[Start of Attachment]

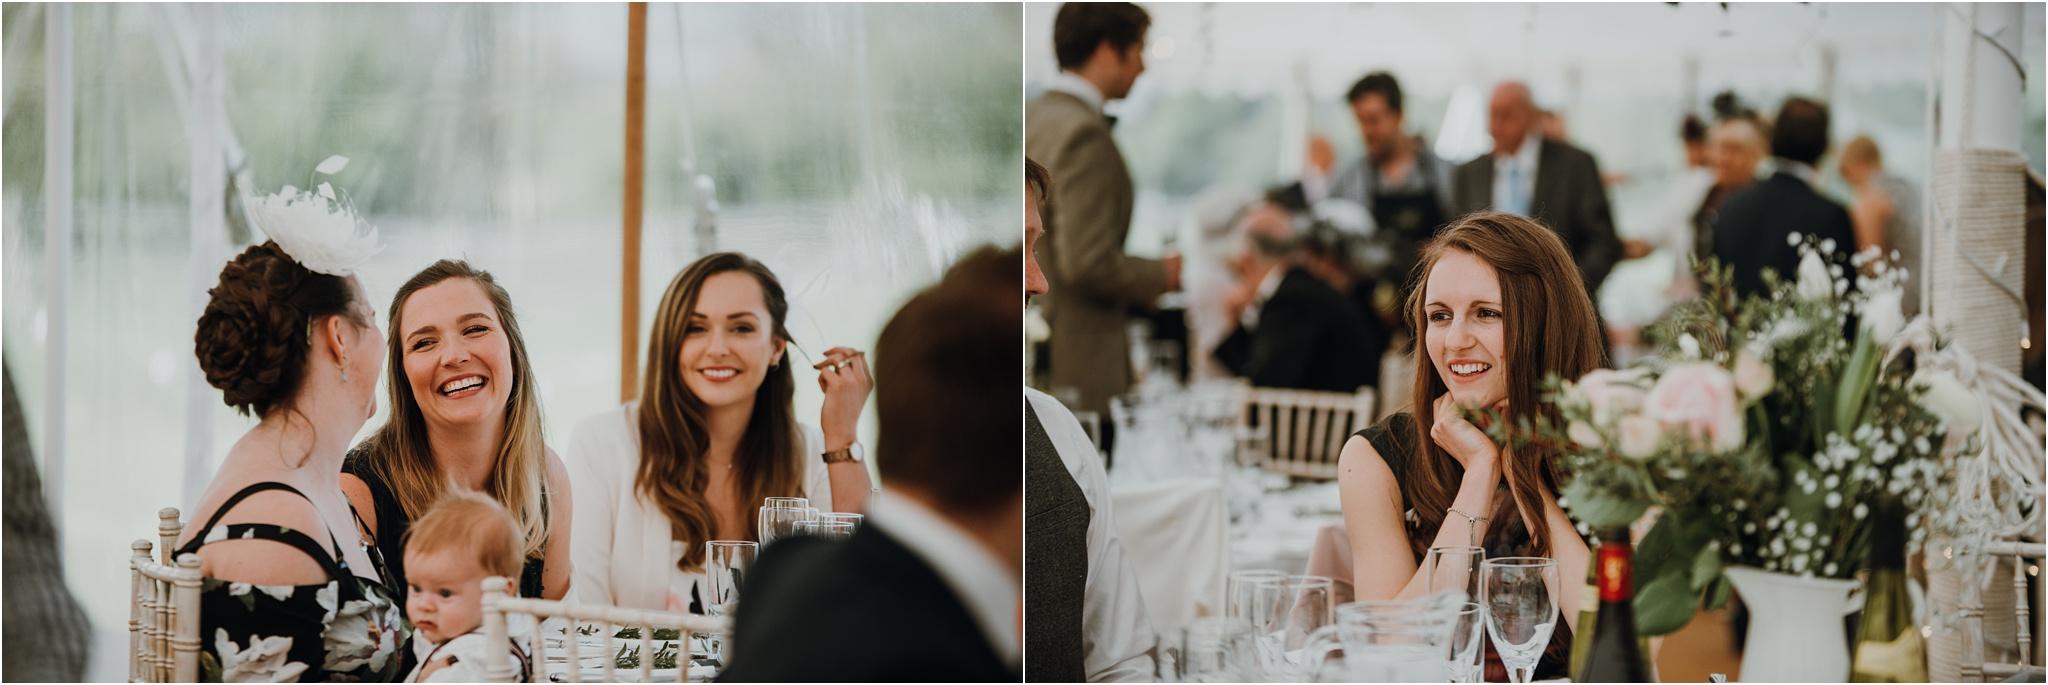 Outdoor-country-wedding-Edinburgh-photographer__0114.jpg
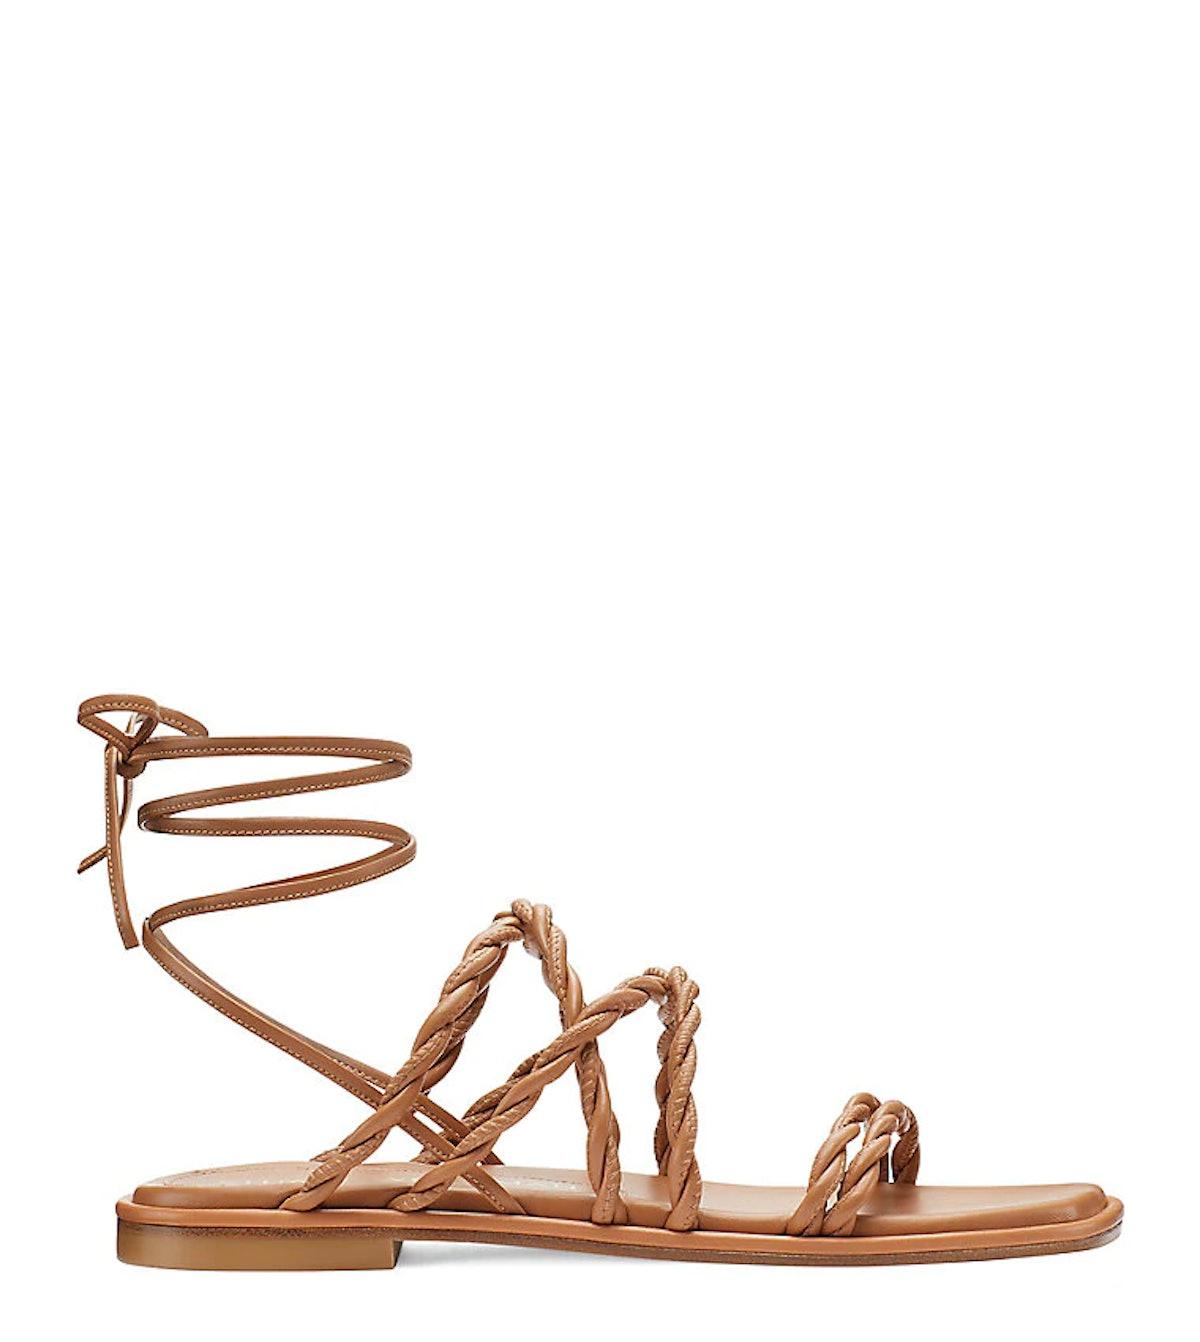 Calypso Lace-Up Sandal
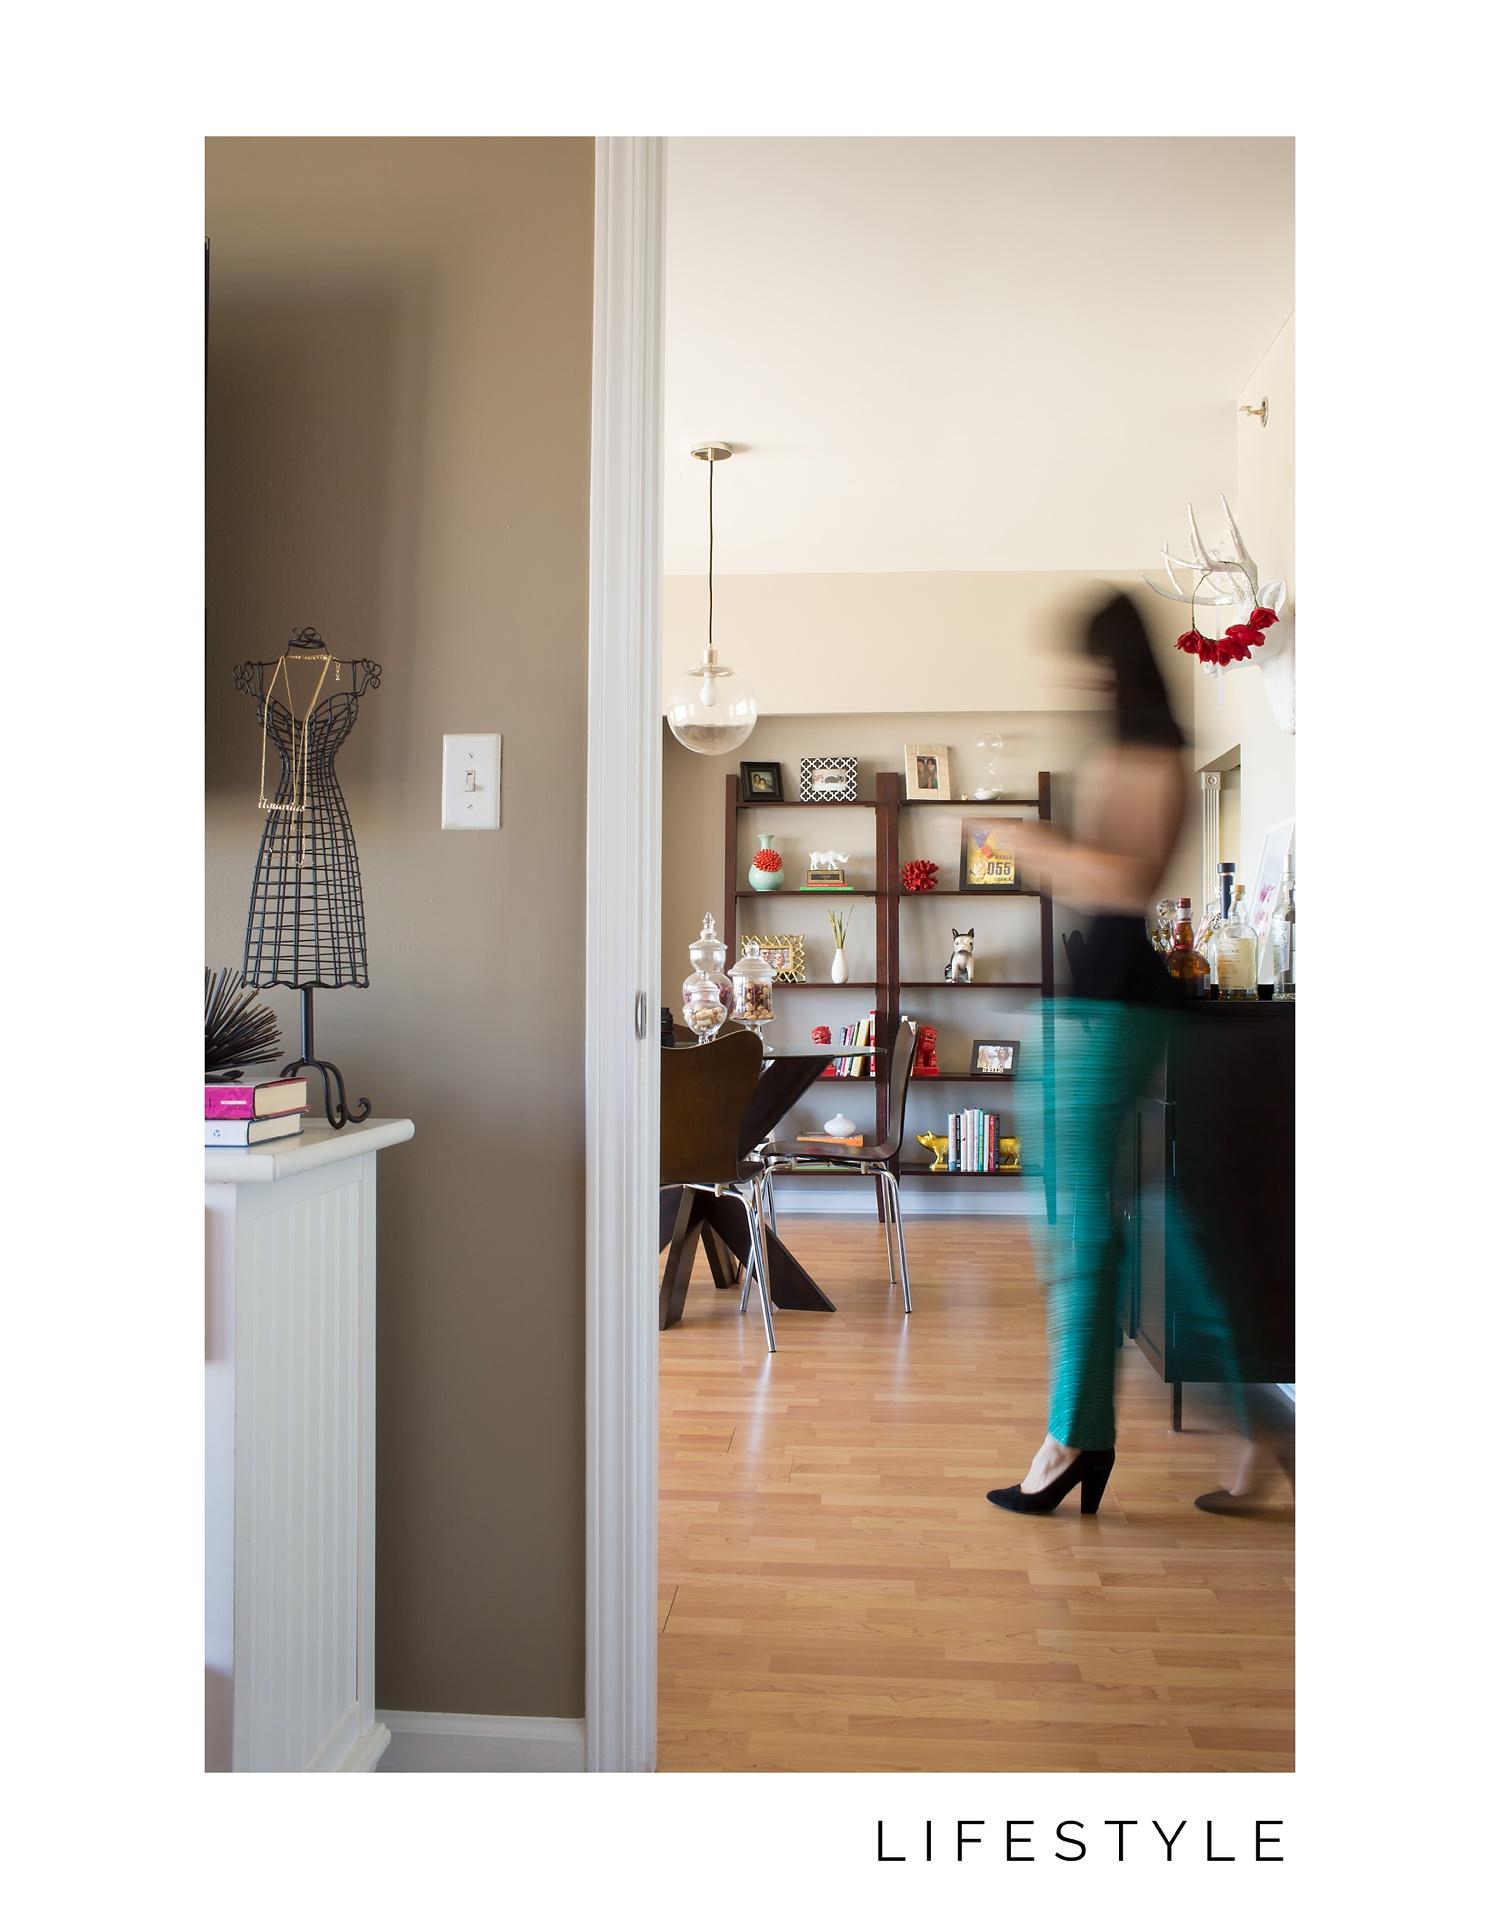 Atlanta interiors photographer in My Style Vita's home

[End of Attachment]

**The problem:**
What is needed is a verbatim copy of the material, minus its pictures.

**Result for this exercise:**
 Outdoor-country-wedding-Edinburgh-photographer__0114.jpg
 Calypso Lace-Up Sandal
 Atlanta interiors photographer in My Style Vita's home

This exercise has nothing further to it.